On 2015-06-14 02:46, Jeff Trawick wrote:
> On Sat, Jun 13, 2015 at 7:42 PM, Yann Ylavic <ylavic....@gmail.com> wrote:
>
>> On Sun, Jun 14, 2015 at 1:18 AM, Jeff Trawick <traw...@gmail.com> wrote:
>>> On Sat, Jun 13, 2015 at 6:06 PM, Yann Ylavic <ylavic....@gmail.com>
>> wrote:
>>>>
>>>> I did not look at pr12355.t and pr43738.t yet, however those passed in
>>>> my tests, so it's probably something different.
>>>
>>>
>>> Just in case it wasn't clear, these aren't regressions. I get them with
>>> prior releases on FreeBSD 10.1 also.
>>
>> Ah ok, those are possibly the same as I reported in [1] for the 2.4.13
>> vote (in the Post Scriptum, about latest stable debian 8).
>>
>>>
>>> I don't know if it is the Perl stack or OpenSSL or ??? that results in
>> the
>>> consistent failure. (This FreeBSD has a significantly newer Perl stack
>> from
>>> system packages than CentOS 7.) IIUC, Rainer has been reporting
>>> intermittent failures on various platforms for a while.
>>
>> It seems to be related to latest OpenSSL, maybe RC5 isn't handled anymore?
>>
>
> I just tried on Fedora 22...
>
> For both the Perl interpreter/lib versions and OpenSSL versions, it seems
> to be essentially
>
> CentOS 7 < FreeBSD 10.1 < Fedora 22
>
> and the one in the middle is the only one where I see the issue.
>
> The CentOS and Fedora builds of OpenSSL are FIPS-enabled; I don't know how
> that affects the enabled ciphers.
>
>From OpenSSL CHANGES (happed already with 0.9.7i in 2005)
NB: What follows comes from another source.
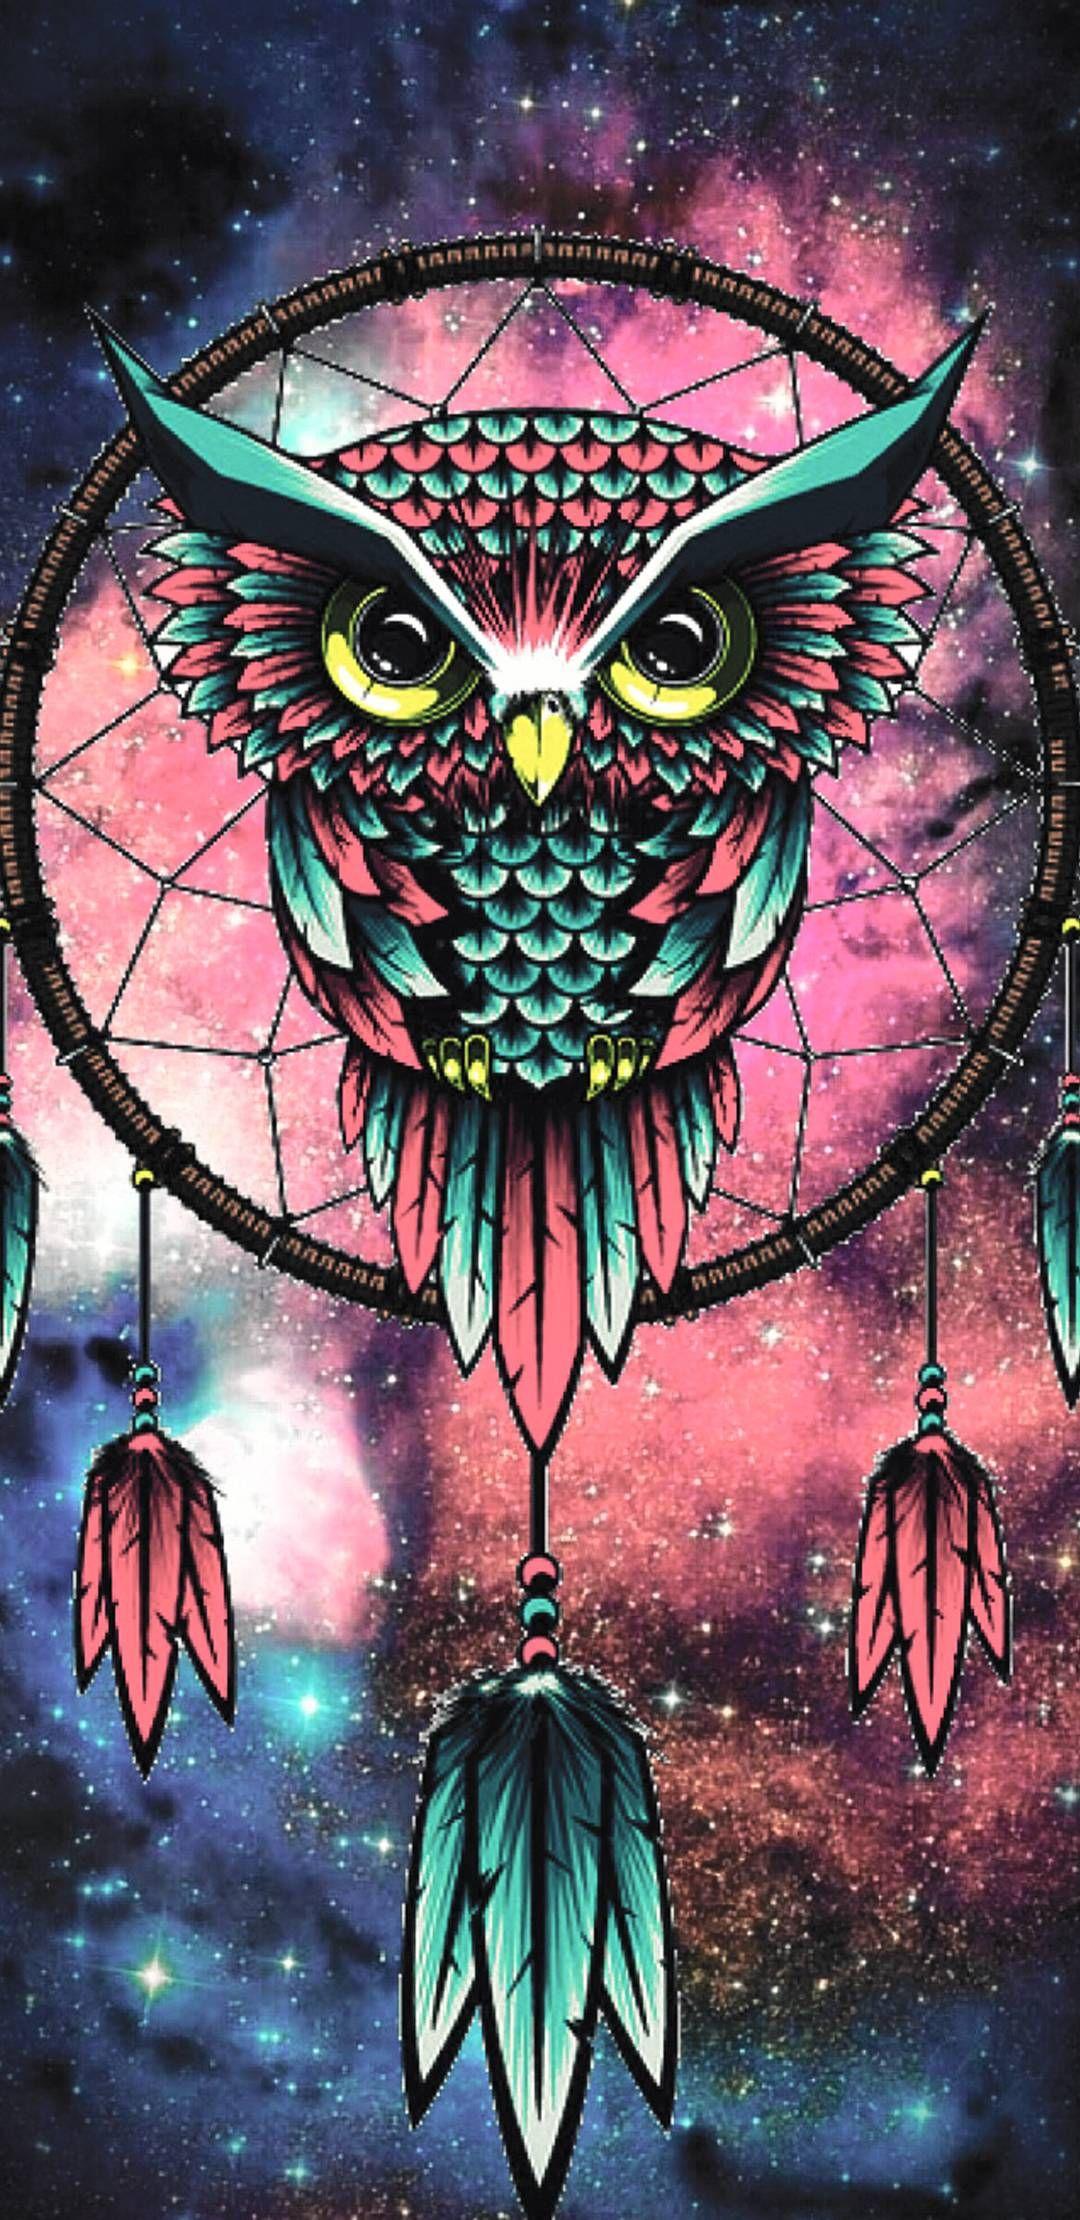 Pin By Andrea Denes On Owls Owl Wallpaper Cute Owls Wallpaper Owl Artwork

The patented RC5 and MDC2 algorithms will now be disabled unless
"enable-rc5" and "enable-mdc2", respectively, are specified.
And from src/crypto/openssl/Makefile
OPTIONS= ... no-md2 no-rc5 ...
OpenSSL is build in FreeBSD base with
... -DOPENSSL_NO_DEPRECATED -DOPENSSL_NO_MD2 -DOPENSSL_NO_RC5 ...
So is assume tests for RC5 and MD2 will always fail.